通过无标记电筛选和阻抗激活分选来选择液滴中可封装的细胞数量。

Selectable encapsulated cell quantity in droplets via label-free electrical screening and impedance-activated sorting.

作者信息

Zhong Jianwei, Liang Minhui, Tang Qiang, Ai Ye

机构信息

Pillar of Engineering Product Development, Singapore University of Technology and Design, 8 Somapah Road, Singapore, 487372, Singapore.

Jiangsu Provincial Engineering Research Center for Biomedical Materials and Advanced Medical Devices, Faculty of Mechanical and Material Engineering, Huaiyin Institute of Technology, Huaian, 223003, China.

出版信息

Mater Today Bio. 2023 Feb 28;19:100594. doi: 10.1016/j.mtbio.2023.100594. eCollection 2023 Apr.

DOI:10.1016/j.mtbio.2023.100594

PMID:36910274

原文链接:https://pmc.ncbi.nlm.nih.gov/articles/PMC9999206/

Abstract

Single-cell encapsulation in droplets has become a powerful tool in immunotherapy, medicine discovery, and single-cell analysis, thanks to its capability for cell confinement in picoliter volumes. However, the purity and throughput of single-cell droplets are limited by random encapsulation process, which resuts in a majority of empty and multi-cells droplets. Herein we introduce the first label-free selectable cell quantity encapsulation in droplets sorting system to overcome this problem.
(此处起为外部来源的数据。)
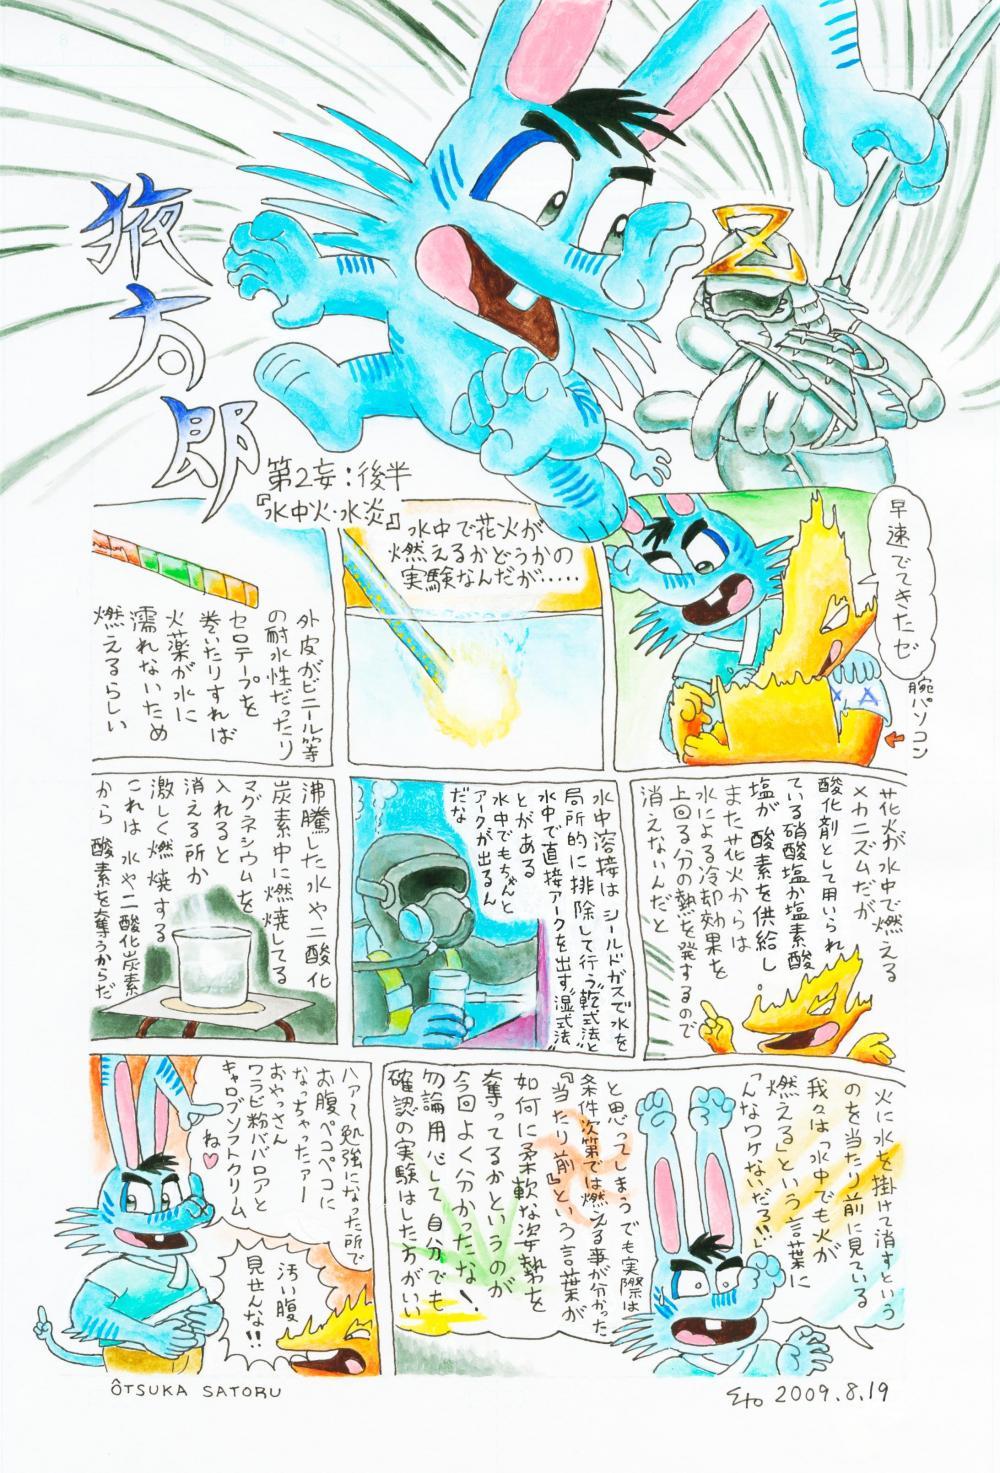 鬼目羅の犭夜太郎(鵺太郎)(2)後半 2008.8.19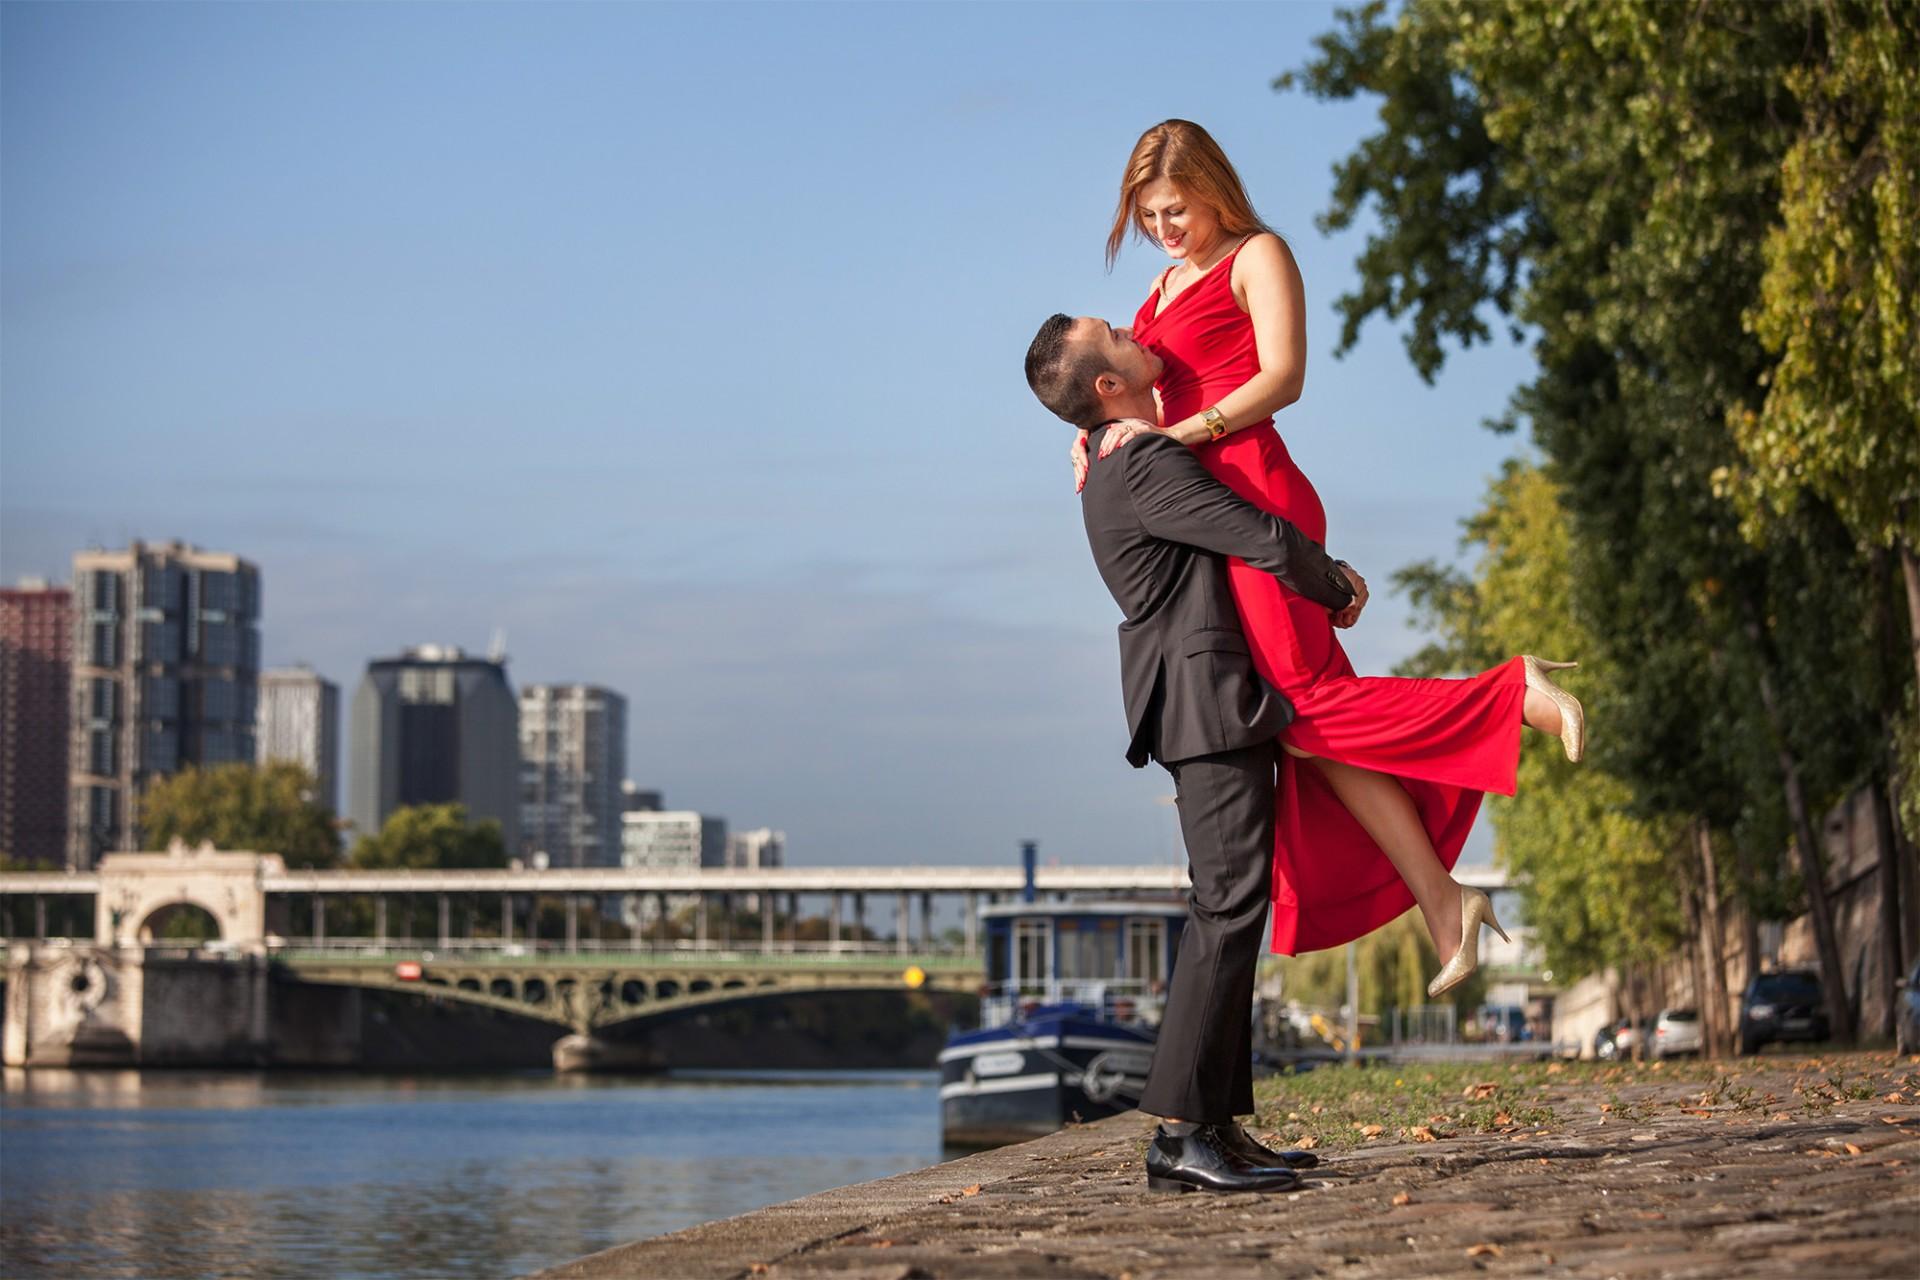 Dynamisches Modefotoshooting in Paris am Ufer der Seine

The system utilizes a simple and reliable electrical impedance based screening (98.9% of accuracy) integrated with biocompatible acoustic sorting to select single-cell droplets, achieving 90.3% of efficiency and up to 200 Hz of throughput, by removing multi-cells (∼60% of rejection) and empty droplets (∼90% of rejection). We demonstrate the use of the droplet sorting to improve the throughput of single-cell encapsulation by ∼9-fold compared to the conventional random encapsulation process.

摘要

由于能够将细胞限制在皮升体积内，液滴中的单细胞封装已成为免疫治疗、药物发现和单细胞分析中的一种强大工具。然而，单细胞液滴的纯度和通量受到随机封装过程的限制，这导致大多数液滴为空液滴或含有多个细胞。在此，我们引入了首个用于液滴分选系统的无标记可选细胞数量封装方法，以克服这一问题。该系统利用基于简单可靠的电阻抗筛选（准确率98.9%）并结合生物相容性声学分选来选择单细胞液滴，通过去除含有多个细胞的液滴（约60%的拒收率）和空液滴（约90%的拒收率），实现了90.3%的效率和高达200赫兹的通量。我们证明，与传统的随机封装过程相比，液滴分选可将单细胞封装的通量提高约9倍。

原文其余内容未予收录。